## [Material to process]
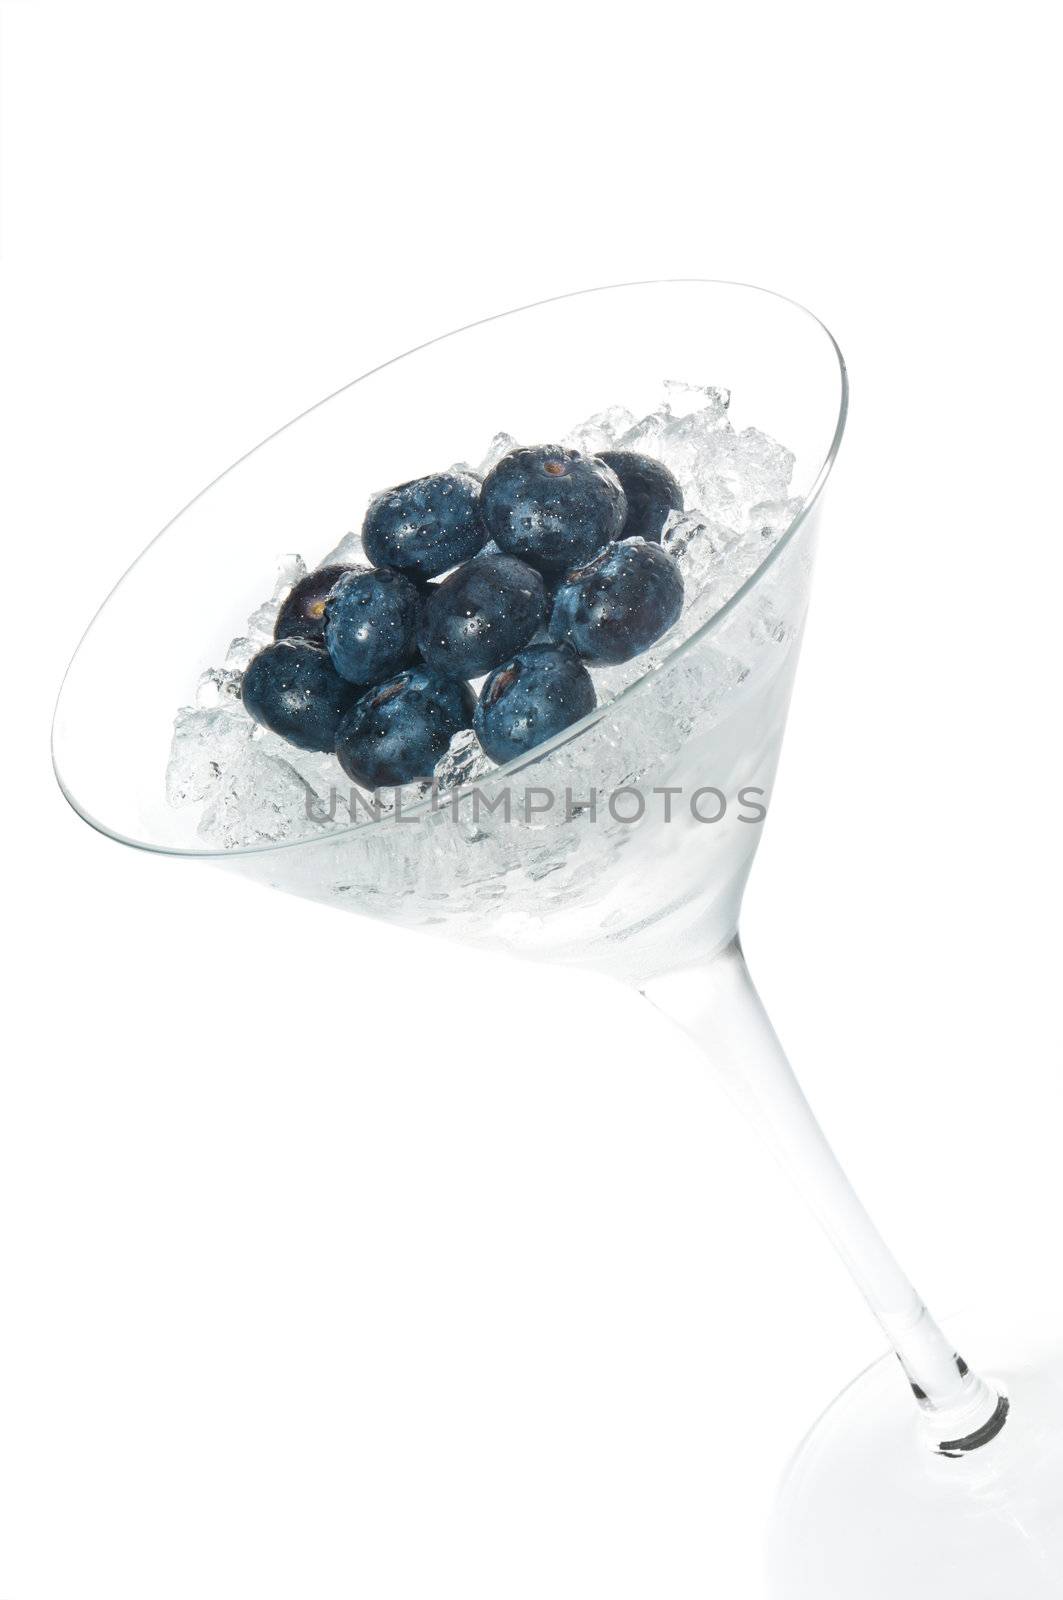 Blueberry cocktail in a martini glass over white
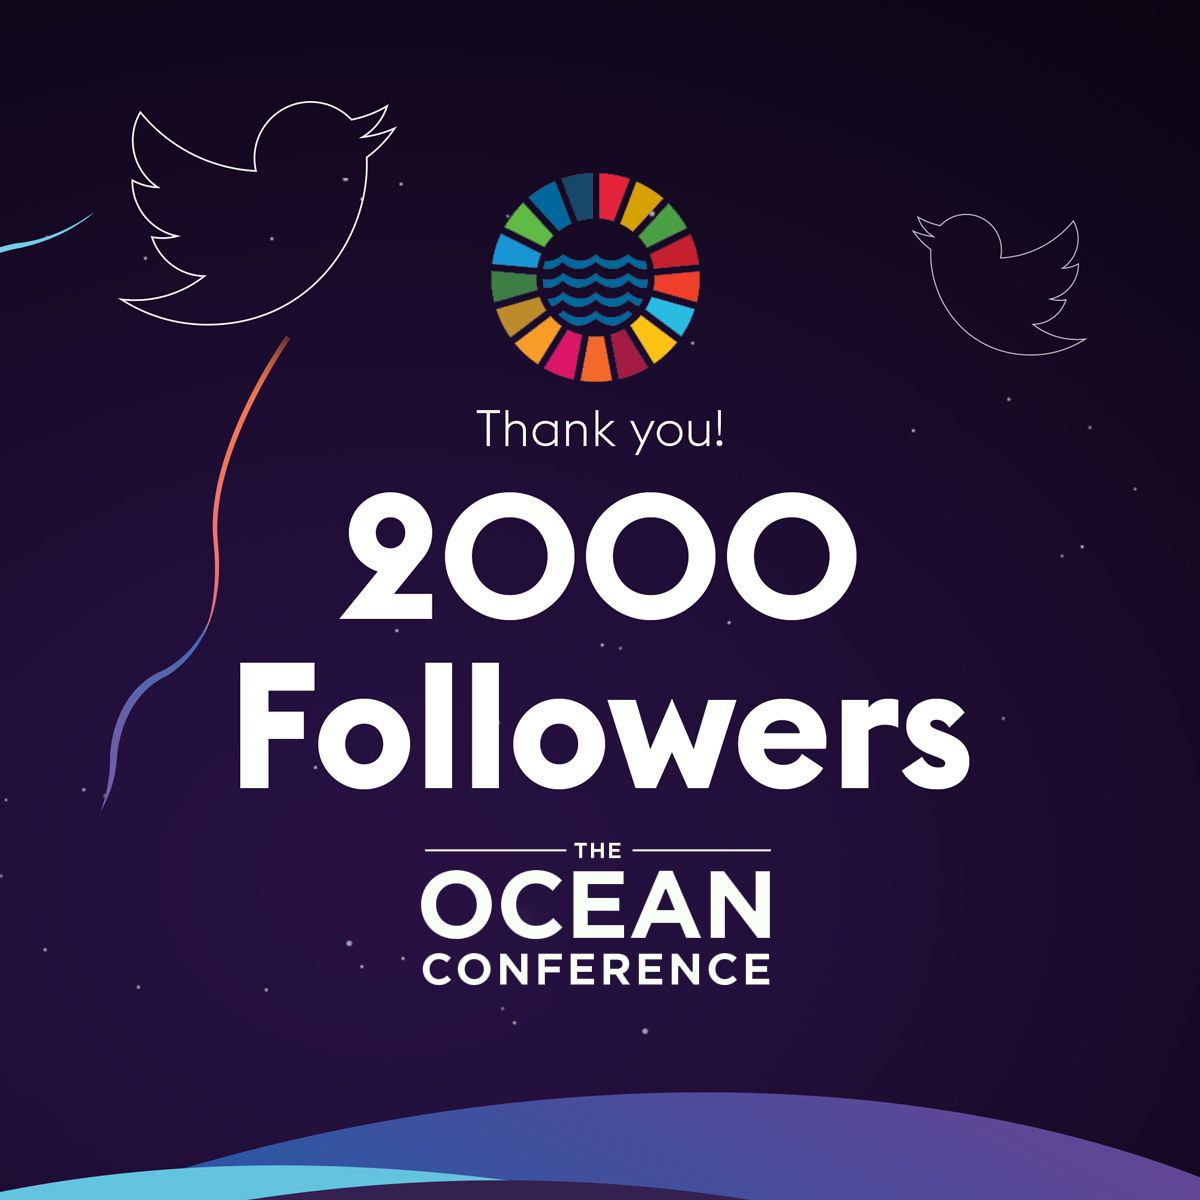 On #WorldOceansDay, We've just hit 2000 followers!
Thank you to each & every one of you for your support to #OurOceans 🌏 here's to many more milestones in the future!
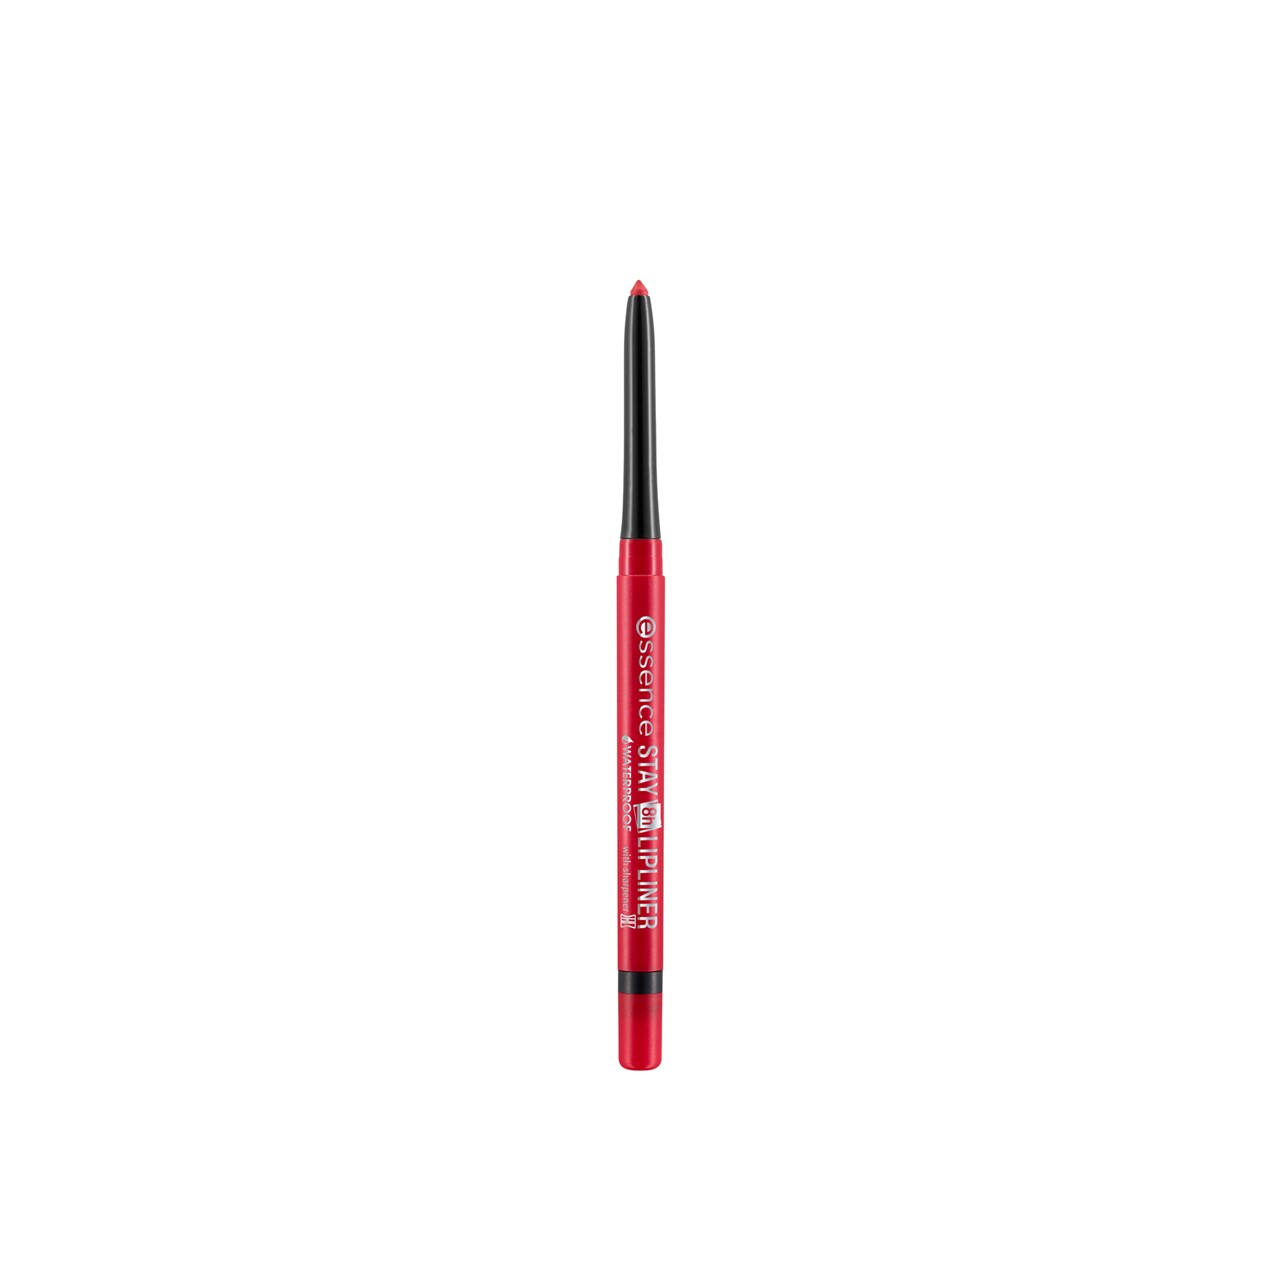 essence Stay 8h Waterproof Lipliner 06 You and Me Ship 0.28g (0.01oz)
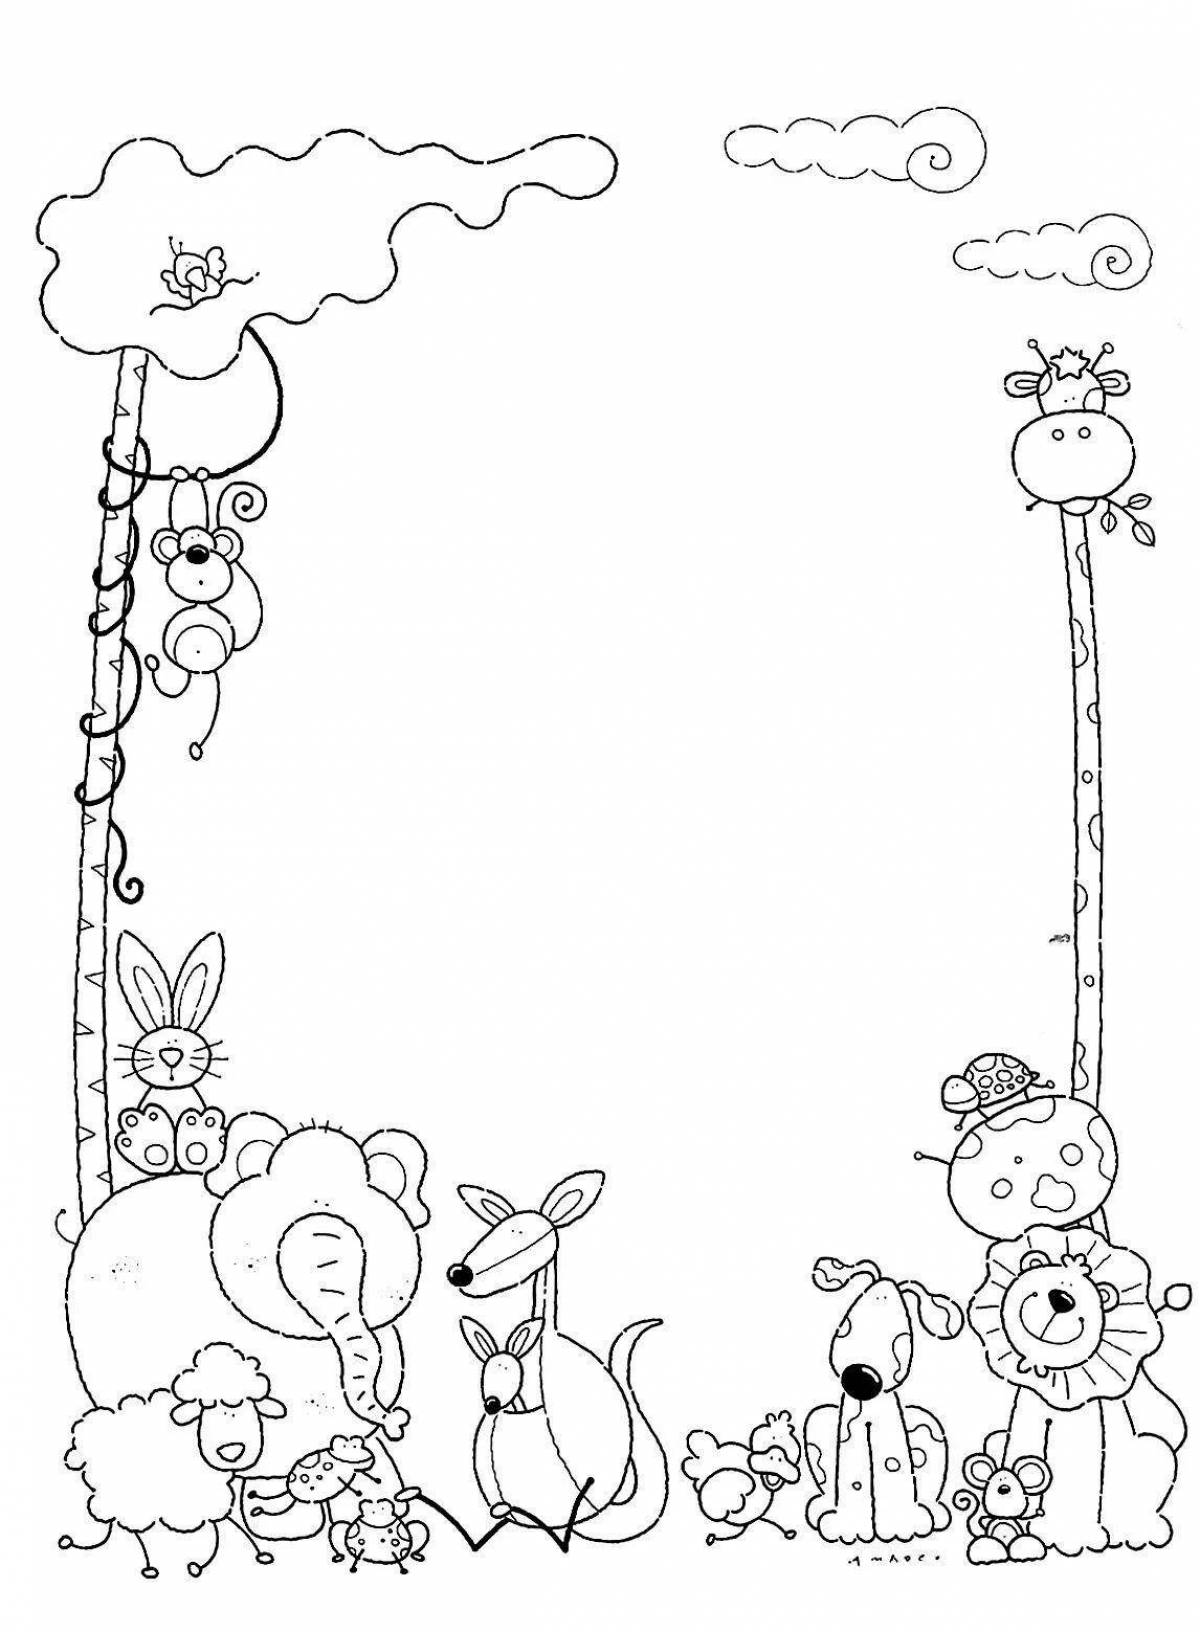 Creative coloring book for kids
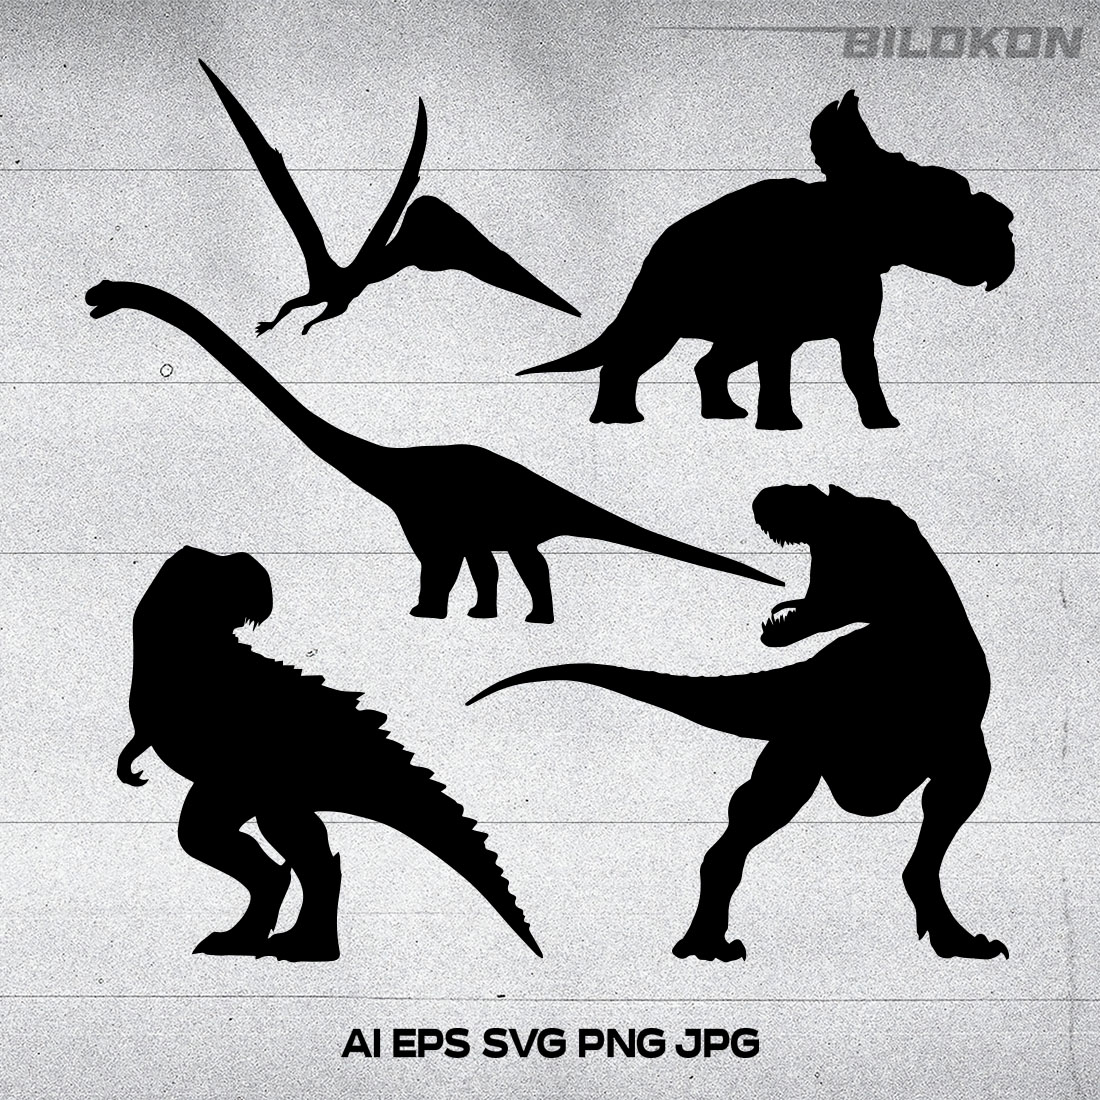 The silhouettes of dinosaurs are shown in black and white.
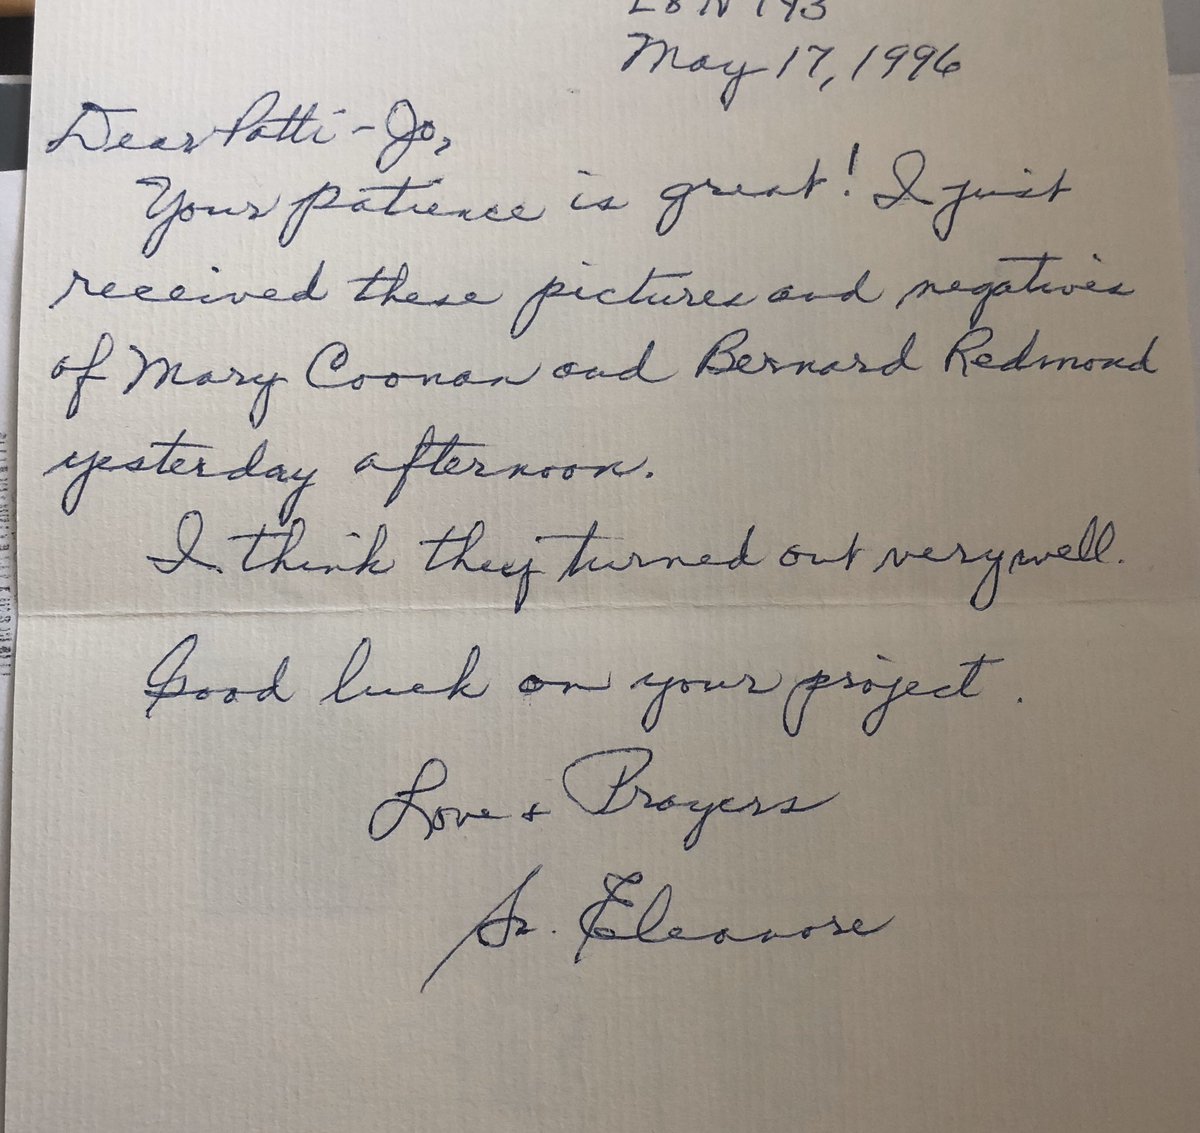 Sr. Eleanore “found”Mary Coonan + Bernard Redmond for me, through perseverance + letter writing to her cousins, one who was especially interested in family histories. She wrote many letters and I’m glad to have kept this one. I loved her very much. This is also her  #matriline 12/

## [Exercise directions]
A verbatim copy of all the records, minus the pictures, is the expected answer.

## [Exercise response]
 Blueberry cocktail in a martini glass over white
 On #WorldOceansDay, We've just hit 2000 followers!
Thank you to each & every one of you for your support to #OurOceans 🌏 here's to many more milestones in the future!
 essence Stay 8h Waterproof Lipliner 06 You and Me Ship 0.28g (0.01oz)
 Creative coloring book for kids
 The silhouettes of dinosaurs are shown in black and white.
 Sr. Eleanore “found”Mary Coonan + Bernard Redmond for me, through perseverance + letter writing to her cousins, one who was especially interested in family histories. She wrote many letters and I’m glad to have kept this one. I loved her very much. This is also her  #matriline 12/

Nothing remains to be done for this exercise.